6. An unmanned belt management system based on multi-modal fusion optoelectronic technology, used to implement the unmanned belt management method based on multi-modal fusion optoelectronic technology described in any one of claims 1 to 5, characterized in that: The system comprises: A photographing device, used for photographing the image of the coal conveyor belt; A coal conveyor belt edge capturing module, used for capturing the edge of the coal conveyor belt through the coal conveyor belt image; A first judgment module is used to judge whether the coal conveying belt is deviated according to the comparison between the captured edge of the coal conveying belt and the set edge of the coal conveying belt; The pushing device is arranged on both sides of the coal conveyor belt and is used to correct the deviation of the coal conveyor belt when it deviates.

7. The unmanned belt management system based on multi-modal fusion optoelectronic technology according to claim 6 is characterized in that: The coal conveyor belt edge capture module comprises: An image binarization module, used for binarizing the coal conveyor belt image; A finding module is used to find out the light and dark distribution information of the image through the binary coal conveyor belt image; The first exclusion module is used to exclude all points with color values ​​higher than 127; A linear distribution module is used to linearly distribute all remaining light and dark distribution points; The first calculation module is used to calculate the slope angles of all lines and select the lines within the range of slope angles that meet the coal conveyor belt; The second exclusion module is used to exclude lines longer than a set sampling length according to the sampling length, so as to obtain the edge of the coal conveyor belt captured in real time.

8. The unmanned belt management system based on multi-modal fusion optoelectronic technology according to claim 7 is characterized in that: The system further comprises: Infrared spectrum scanning equipment, used to perform temperature scanning imaging of a designated area; The second calculation module is used to calculate the temperature of the image block of a specified size and fit the characteristic temperature; The second judgment module is used to judge whether the temperature of the designated area is abnormal.
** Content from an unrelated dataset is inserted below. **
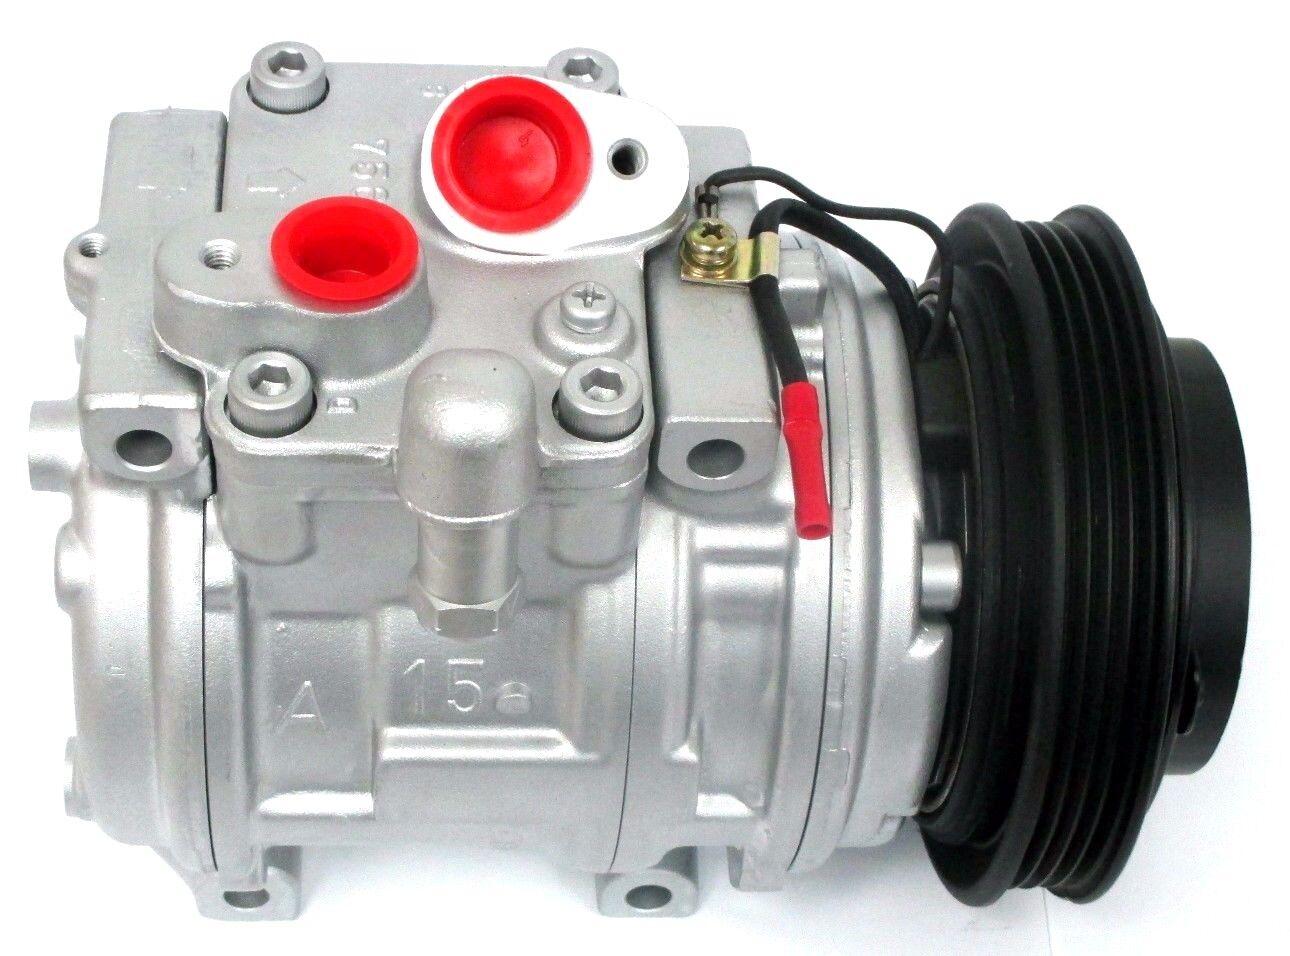 A//C Compressor Kit Fits Acura Integra 1994-2001 10PA15C 67366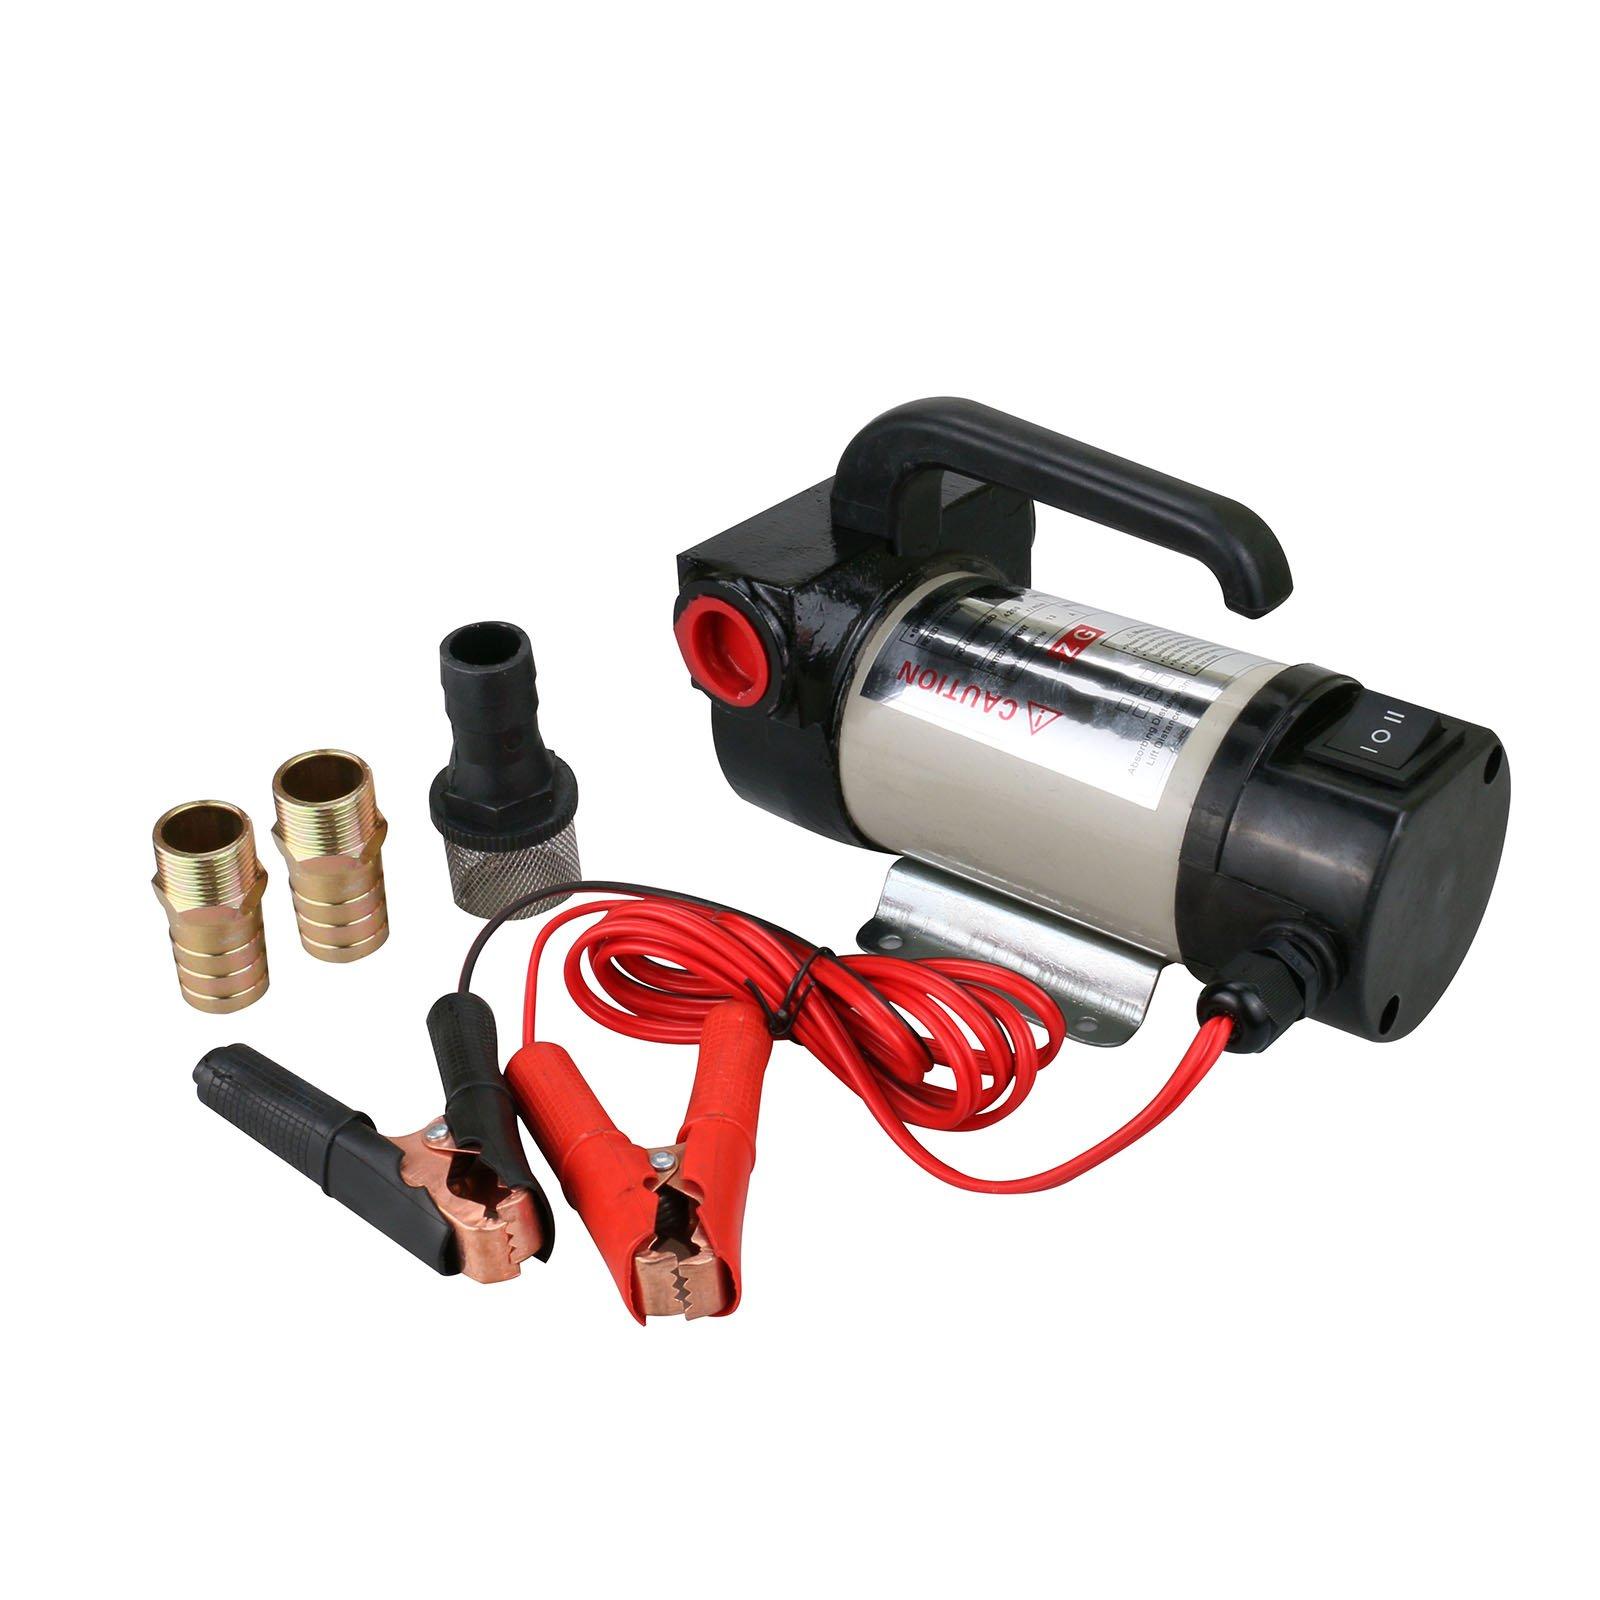 Diesel Oil Transfer Pump, Electric Tool Direct Current Pump Kit Alligator Clip 50L/min 24V DC by Mrcartool (Image #2)

9. The unmanned belt management system based on multi-modal fusion optoelectronic technology according to claim 8 is characterized in that: The system further comprises: Image spectrum acquisition equipment, used to collect on-site images; The analysis module is used to analyze the sampled images and calculate the characteristic values ​​of various faults; A comparison module, used for performing logical calculation on the characteristic values ​​and performing logical comparison on all characteristic values ​​with preset values; The early warning module is used to output an early warning when the comparison result is abnormal or when the temperature in the specified area is abnormal.

10. The unmanned belt management system based on multi-modal fusion optoelectronic technology according to claim 6 is characterized in that: The pushing device is an electric push rod or a cylinder.